Editor’s note: This article has been updated to correct Joan Anim-Addo’s title.
As part of Lehigh’s Spring 2025 Visiting Faculty Scholar program, visiting faculty fellow Joan Anim-Addo invited the campus to explore themes of identity, culture and representation from March 18 to Friday.
By leading a series of events that included a student-faculty discussion, a public lecture and a film screening, Anim-Addo explored her own work in response to the underrepresentation of African Caribbean women in literature.
Simone A. James Alexander, director of Africana studies and professor of English, launched the Distinguished Speaker-Lecture Series upon stepping into the director role in July 2024. She said she created the series to bring renowned writers to the Lehigh community and offer students, faculty and local residents an opportunity to engage with them.
“My ultimate goal with these events is to put the spotlight on Africana and on Lehigh as a whole,” she said. “It’s about bringing visibility to the program.”
Anim-Addo’s work explores themes of identity, belonging and cultural heritage, highlighting the complexities of race, gender and migration.
As a writer and scholar, she has earned numerous recognitions in her field, including being named a British Academy/Leverhulme Senior Research Fellow — a prestigious fellowship that supports established scholars by providing relief teaching and administration duties to pursue major research projects.
According to the College of Arts and Sciences’ website, Anim-Addo was also the United Kingdom’s first Black professor of literature and the humanities. She currently serves as an emeritus professor and director of the Centre for Caribbean and Diaspora Studies at Goldsmiths, University of London.
She’s also the editor in chief of the Bloomsbury Encyclopedia of Black British Writing and the founder and editor of Blacklines: The Journal of Black British Writing.
Alexander said one of the courses offered through the Africana studies department, Contemporary Black Literature, aligns with Anim-Addo’s work. She also said the lecture series gives students in this course, as well as those in other academic disciplines, an opportunity to hear from an expert discussing topics they have been studying.
During her lecture on Thursday, Anim-Addo discussed her experiences with literature and the underrepresentation of African Caribbean women in the field.
“It was a devastating revelation,” she said. “Where were African Caribbean women in literature?”
When sharing her personal experiences in her field with the audience, Anim-Addo said it was historically easier for writers to be published if they used male names. Had she known this sooner, she said she would’ve gone by “Jo” instead of “Joan.”

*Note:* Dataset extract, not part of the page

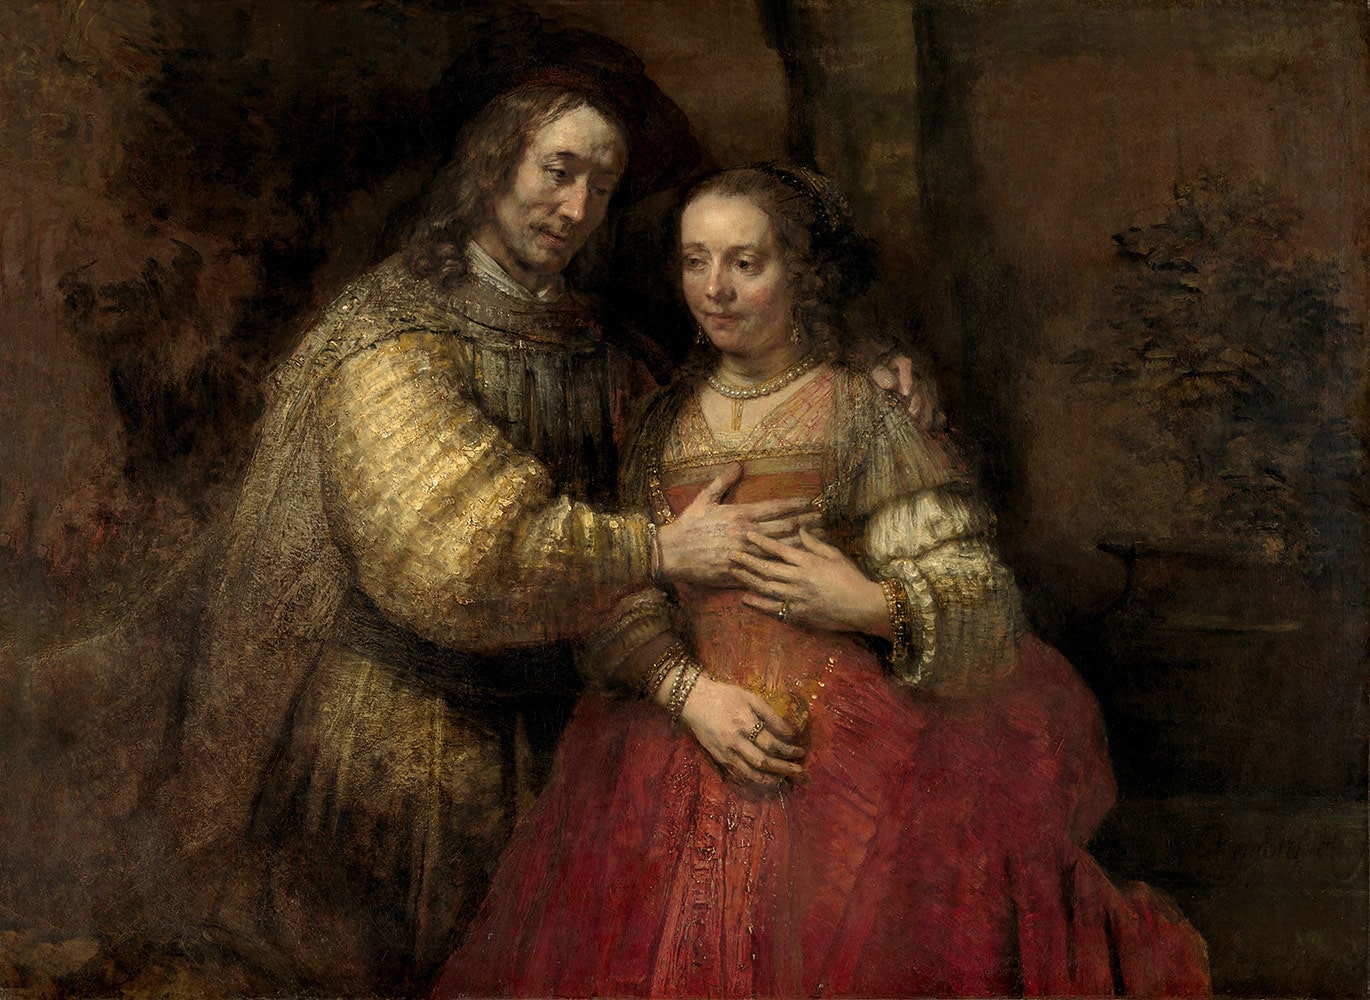 Wall Master Rhine Rembrandt of the Jewish Bride

In her lecture, she also discussed her discovery of Aphra Behn’s “Oroonoko” and its Black female character Imoinda.
Drawing inspiration from Imoinda, she said she adapted Behn’s “Oroonoko” into an opera centered on the triumphant survival of African heritage as she guided attendees through her work.

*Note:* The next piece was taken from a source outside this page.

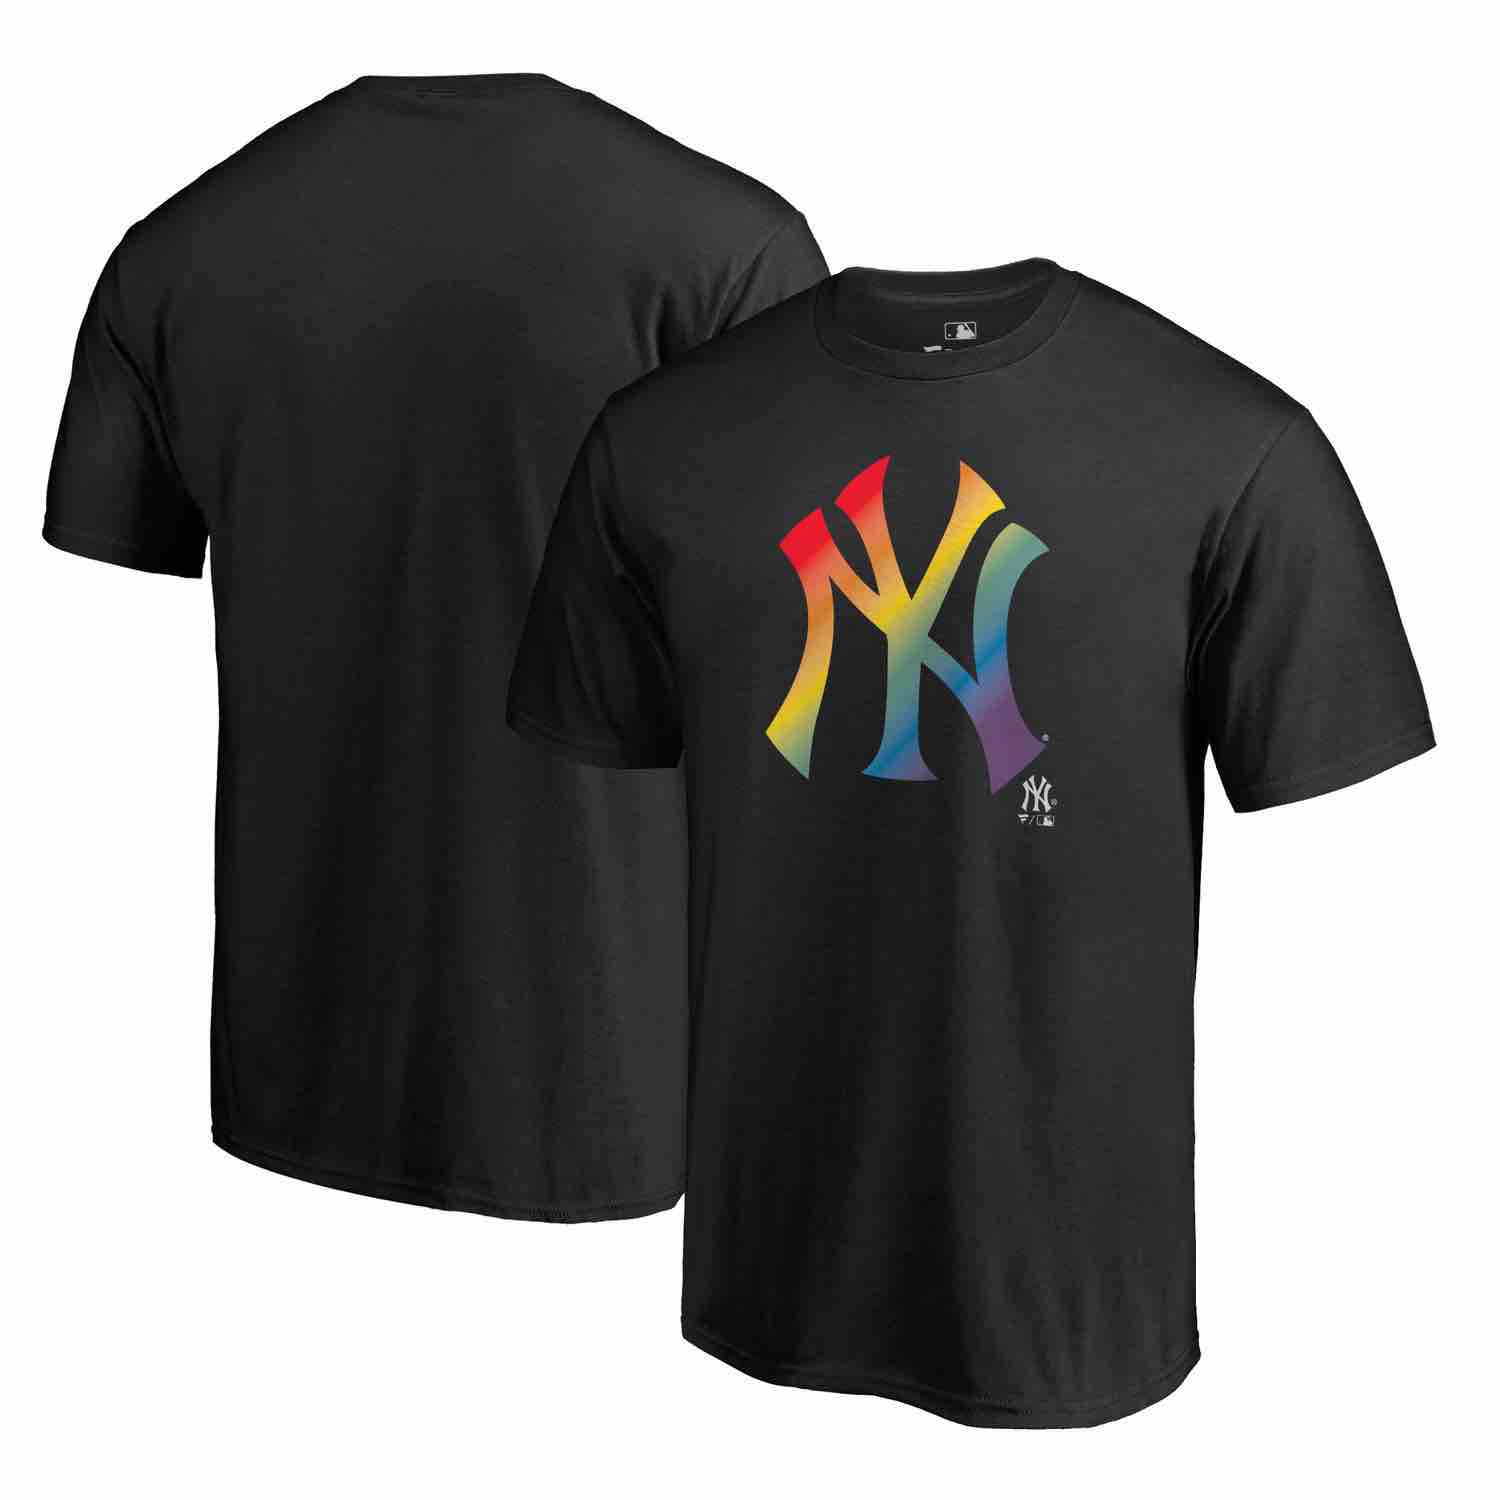 Mens New York Yankees Fanatics Branded Pride Black T-Shirt

Alexander said she hopes the lecture series offers students and faculty a new way to engage with their education and interact with diverse perspectives.
In the context of higher education, she said there’s an ongoing effort to push back against the setbacks in the education system, particularly the dismantling of African American history and literature in curriculums.
“I feel as though the kind of work that we do, we are resisting the erasure of African American people and history,” Alexander said.
Vera Fennell, a professor of political science, said she encouraged students in her classes to attend the events, as she thinks students often don’t appreciate the things going on at Lehigh.
“I want them to understand that education is a broad experience, and because it’s a broad experience, it can be a lifelong experience,” Fennell said.
Eldisa Rosario, ‘26, a student in one of Fennell’s classes which focuses on Asian and American studies, attended the lecture.
She said she thinks it’s important for students to learn about the topics discussed in the lecture series.
“It helps you think outside of the box and just look at things differently,” Rosario said.
Stephanie Powell Watts, a professor of English and Robert D. Rodale, chair of writing, also attended the event on Thursday and shared a similar sentiment to Rosario.
“I think that anytime that we engage in these sorts of discussions with people who are not necessarily like us or not from the places that we’re from, either metaphorically or literally, we expand our minds,” Watts said.
Through Anim-Addo’s events and future events hosted by the Africana Distinguished Lecture Series, Alexander hopes to inspire students to become global scholars.
She said she feels as though people are intolerant because they haven’t reached out to understand differences, and the series aims to change that.
“I’m hoping students will reach out in the physical domain and the literary domain,” she said.